Denatured ethanol for May delivery rose 1.1 cents, or 0.5 percent, to $2.423 a gallon on the Chicago Board of Trade.
Gasoline futures for May delivery dropped 1.53 cents, or 0.5 percent, to $2.8987 a gallon on the New York Mercantile Exchange. The contract covers reformulated gasoline, made to be blended with ethanol before delivery to filling stations.
Ethanol companies have tempered production 7.6 percent to 807,000 barrels a day from a year earlier, before the worst drought since the 1930s sent corn prices to a record high and eroded returns for making the fuel.
Corn prices plunged 14 percent after a March 28 Agriculture Department report showed domestic inventories on March 1 totaled 5.399 billion bushels, exceeding analysts’ estimates of 4.995 billion.
Corn Prices
Corn for May delivery fell 11.5 cents, or 1.8 percent, to $6.30 a bushel in Chicago, the lowest settlement since June.
The corn crush spread, representing gains or losses from turning corn into ethanol and based on May contracts, was 13 cents a gallon, up from 8 cents yesterday. The amount doesn’t include revenue from the sale of dried distillers’ grains, a byproduct of ethanol production, which can be fed to livestock.

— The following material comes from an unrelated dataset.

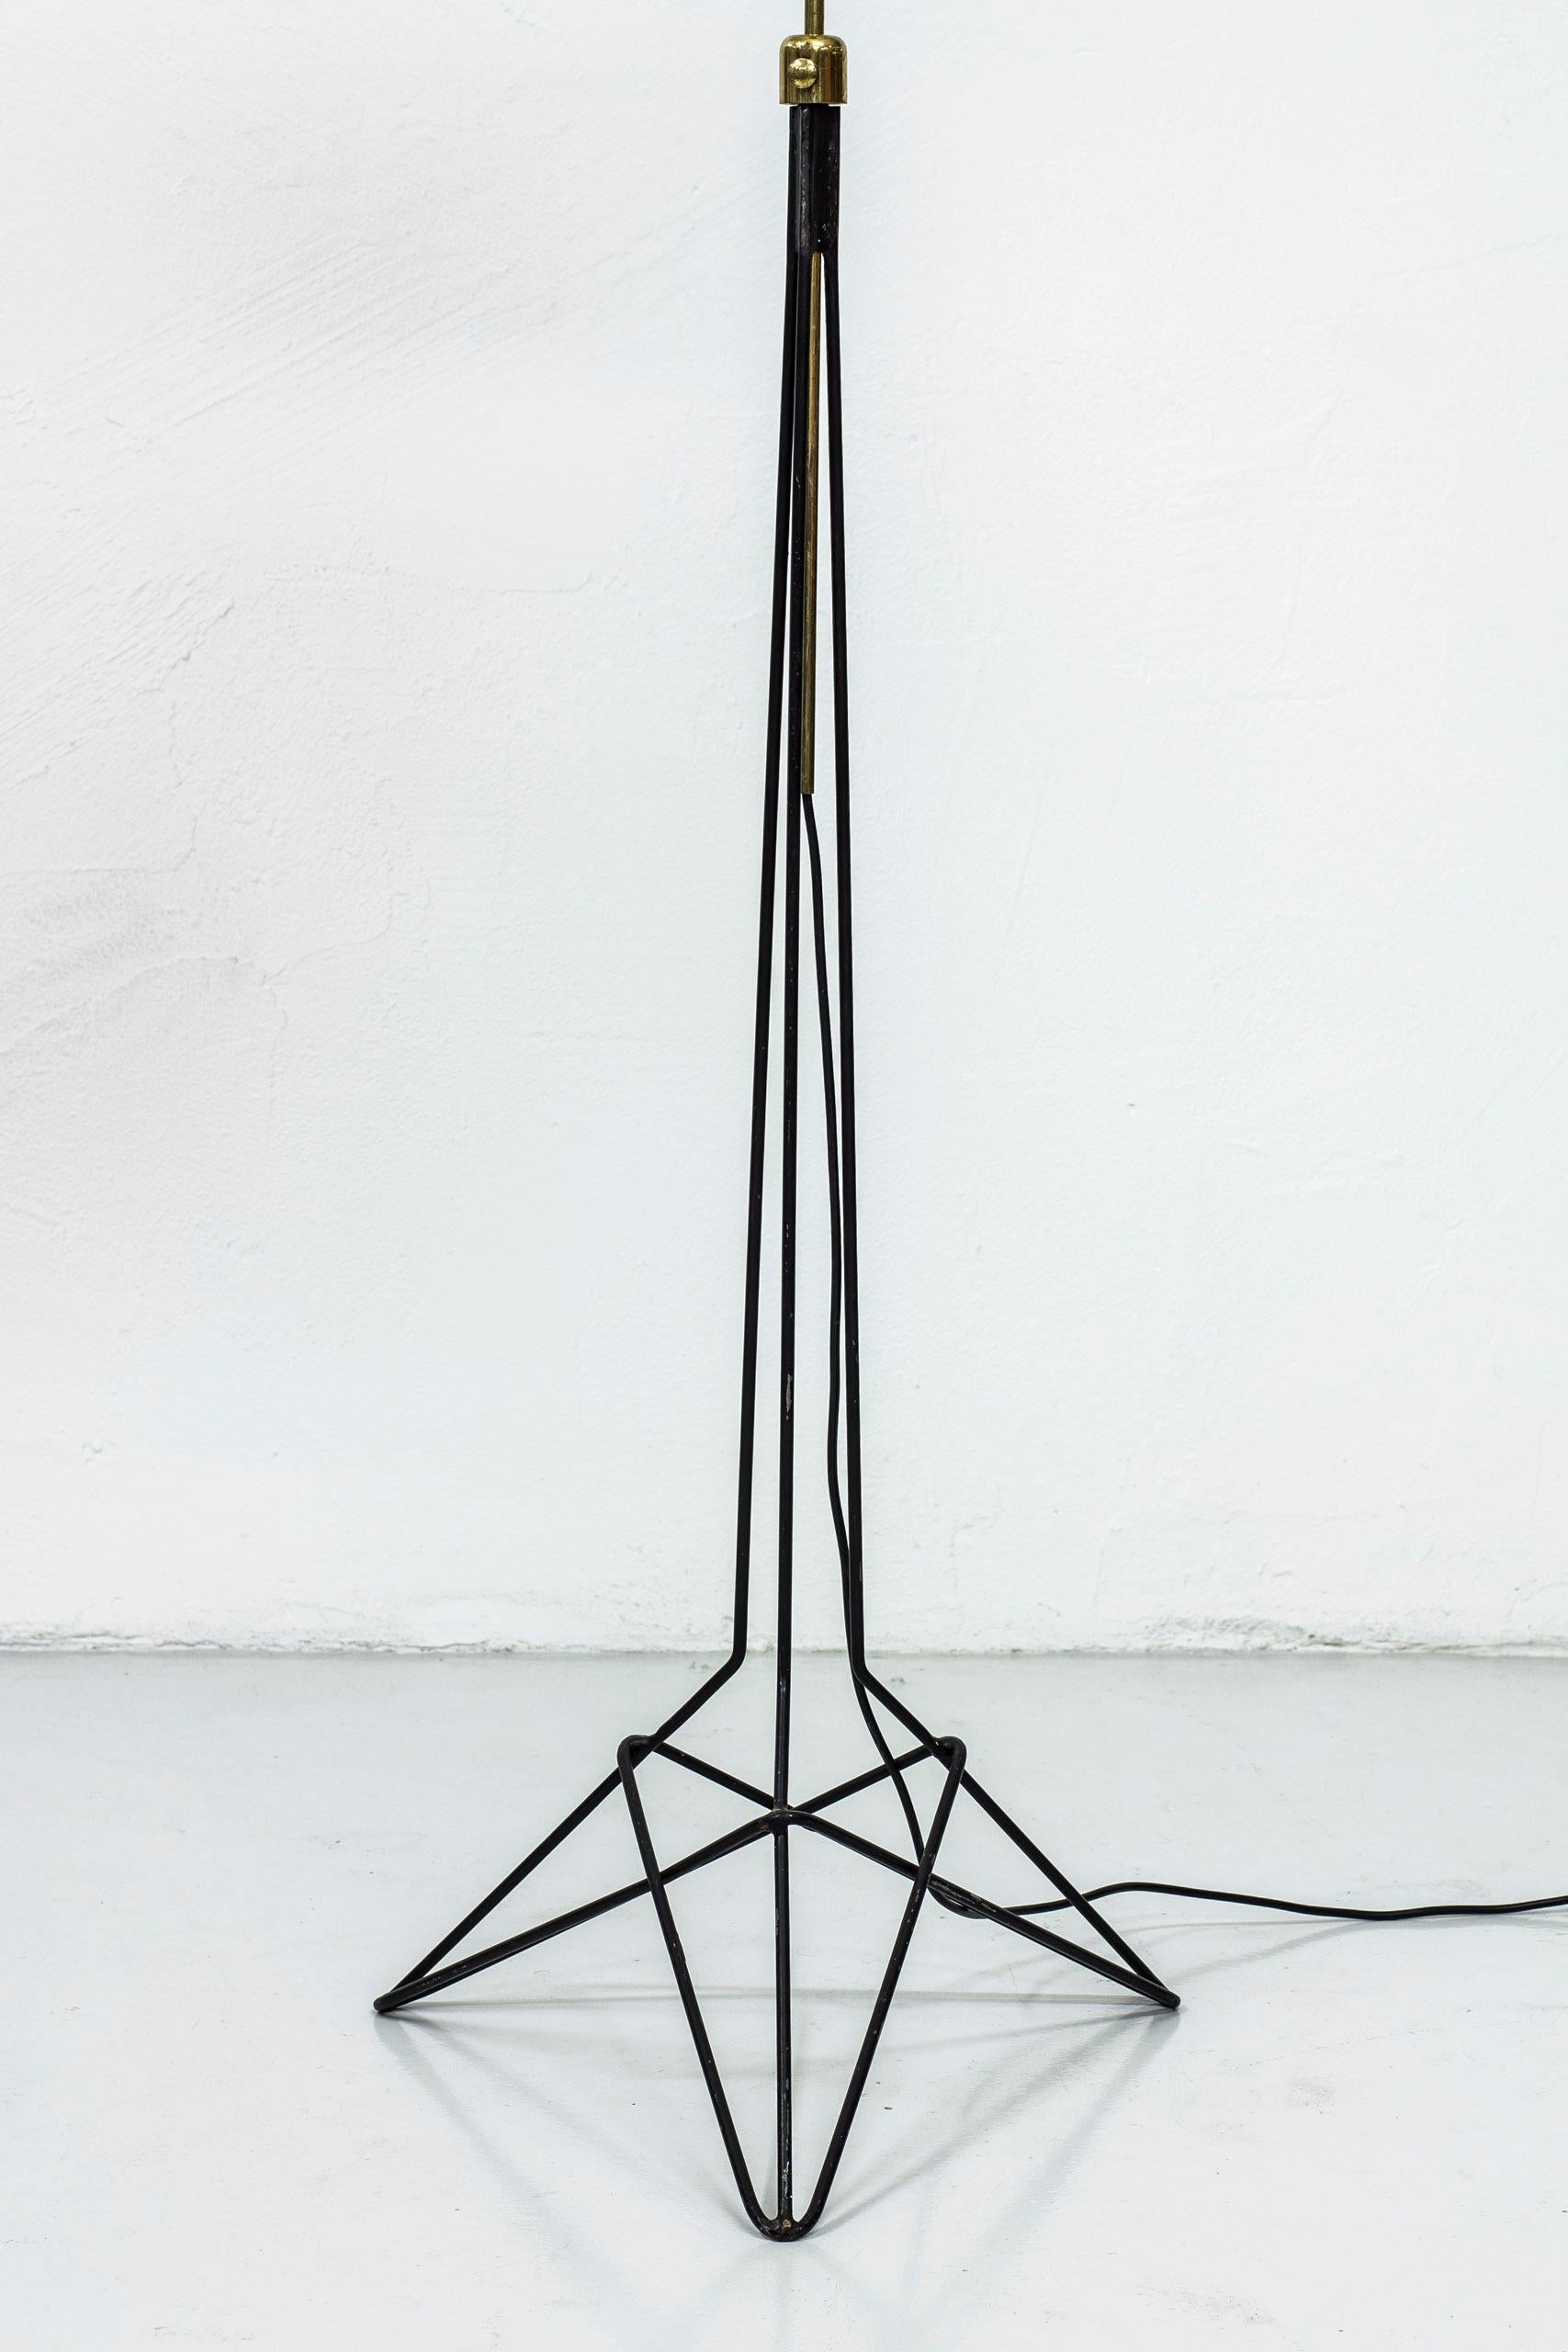 Floor lamp designed by Nils Strinning. Produced by his own company String Design during the 1950s. Black lacquered metal base and brass. New hand sewn, pleated, chintz fabric shade in off-white. Light switch on the lamp fixture. Good vintage

Under a 2007 energy law, known as the Renewable Fuels Standard, the U.S. is required to use 13.8 billion gallons of ethanol this year and 14.4 billion in 2014.

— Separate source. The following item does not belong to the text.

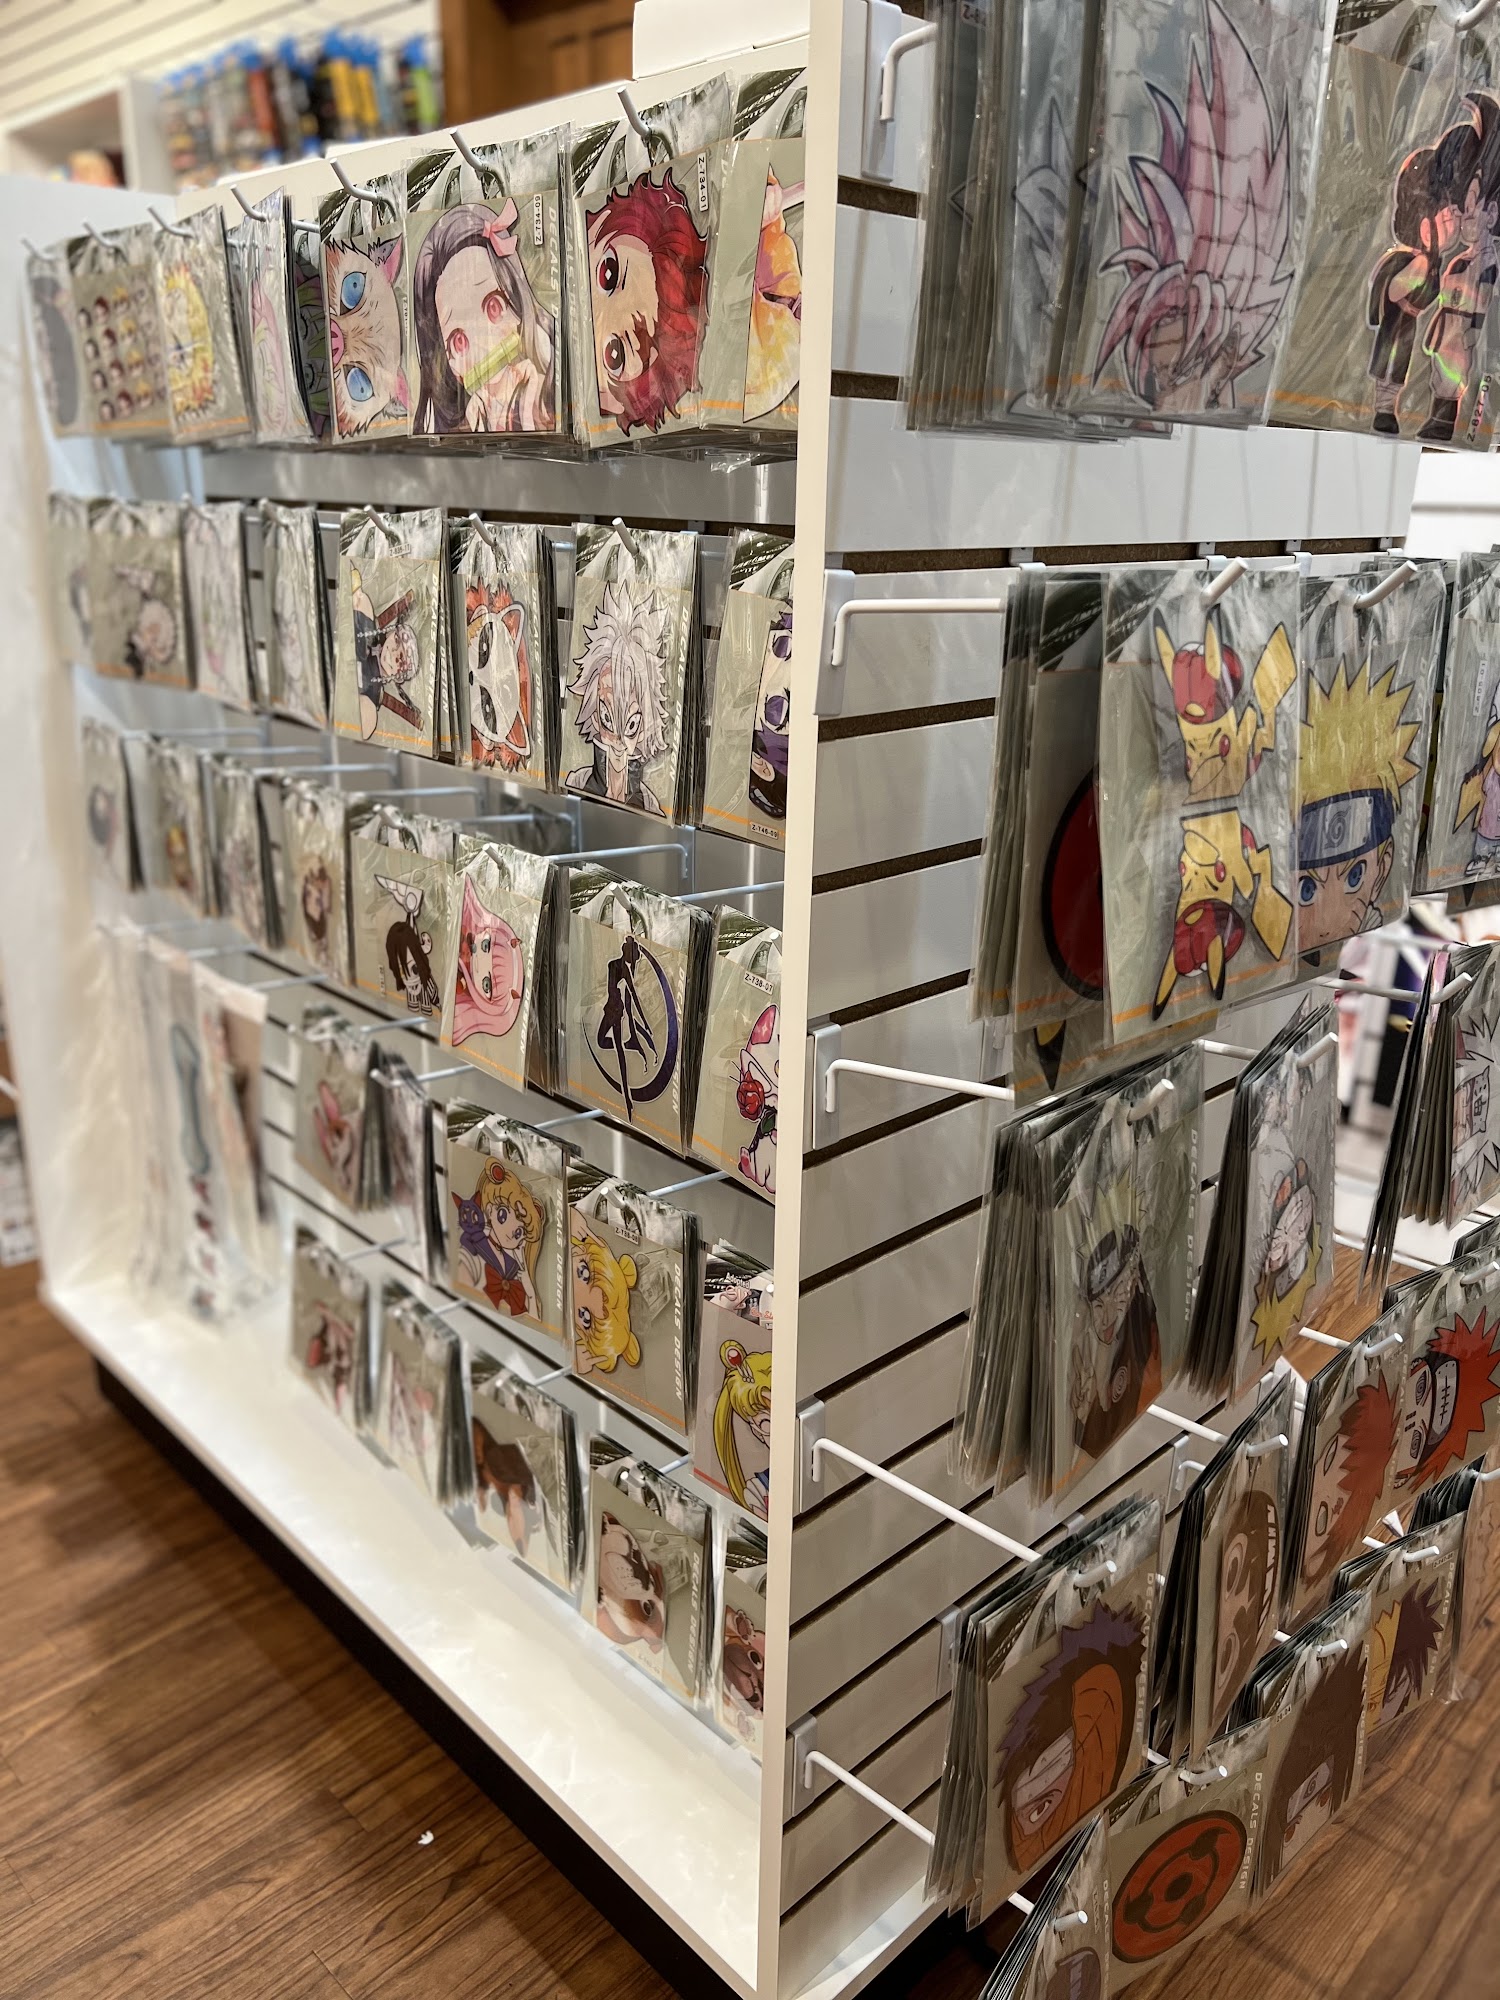 Otaku - Anime, Snacks & Collectibles 1072 Springhill Rd Mall #1564, West Dundee Illinois 60118

Ethanol-blended gasoline made up 92 percent of the total U.S. gasoline pool, the least since Feb. 22, the EIA said. That’s down from a record 95 percent in the week ended March 15.
Imports of the fuel averaged 49,000 barrels a day last week, the highest level since Jan. 18 and up from 9,000 barrels a year earlier, EIA said.
Spot Trading
In cash market trading, ethanol jumped 8 cents to $2.48 a gallon in Chicago, 7 cents to $2.535 in the Gulf and 4 cents to $2.59 in New York, data compiled by Bloomberg show. Prices slipped 0.5 cent to $2.675 on the West Coast, the most expensive U.S. hub.

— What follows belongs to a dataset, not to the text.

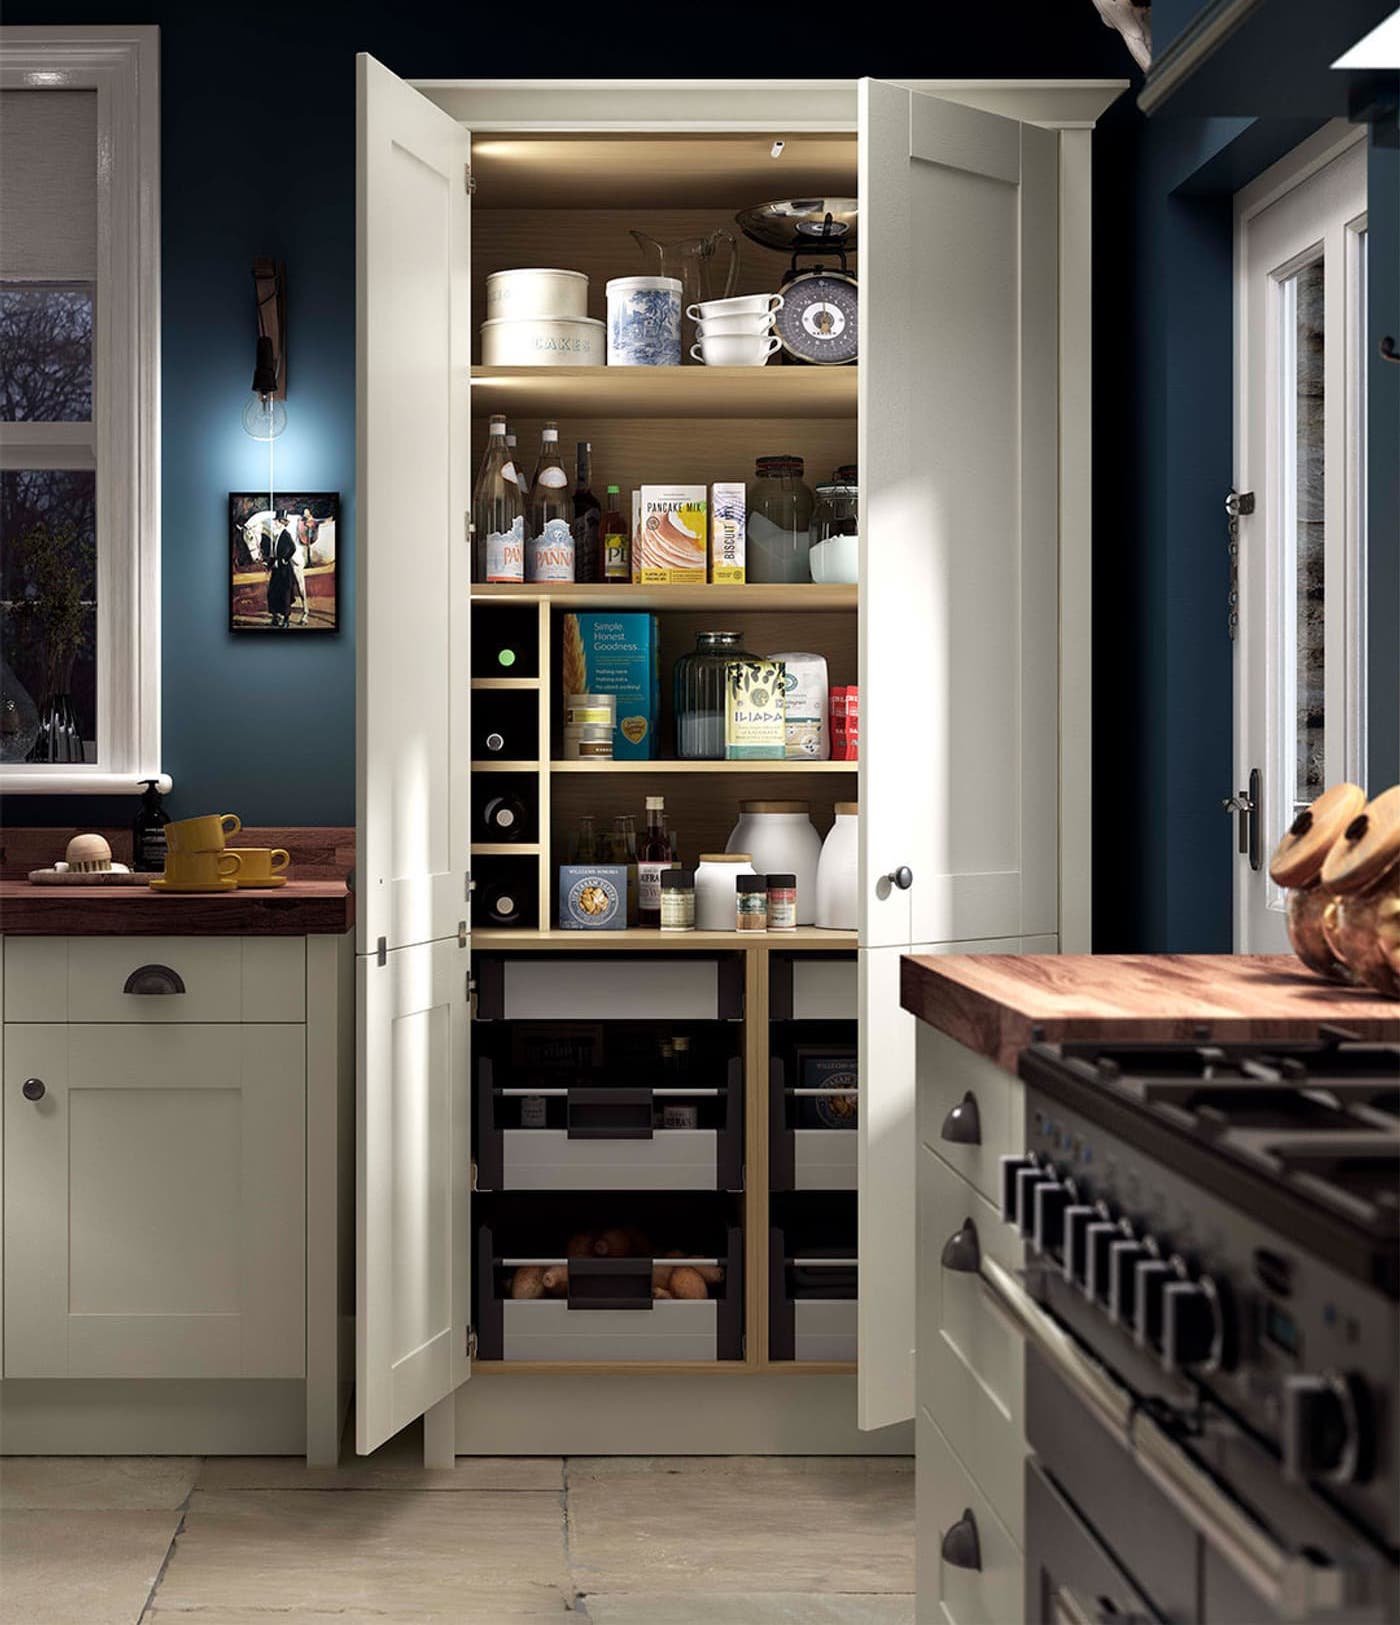 Looking for a Wickes price list? We explain Wickes kitchen prices ...

West Coast ethanol’s premium to the U.S. Gulf narrowed 35 percent to 14 cents, the least since March 6, while Chicago’s discount to New York Harbor shrank 27 percent to 11 cents.
Biofuel in the U.S. is tracked by Renewable Identification Numbers, or RINs, certificates that refiners use to show compliance with mandates to the Environmental Protection Agency or trade to other parties.
Corn-based ethanol RINs rose 1.4 percent to 71 cents today, data compiled by Bloomberg show. They traded at 7.1 cents on Jan. 7.
Advanced RINs, which cover biodiesel and Brazilian sugarcane-based ethanol, added 2 percent to 78 cents. Those certificates traded at 37 cents on Jan. 7.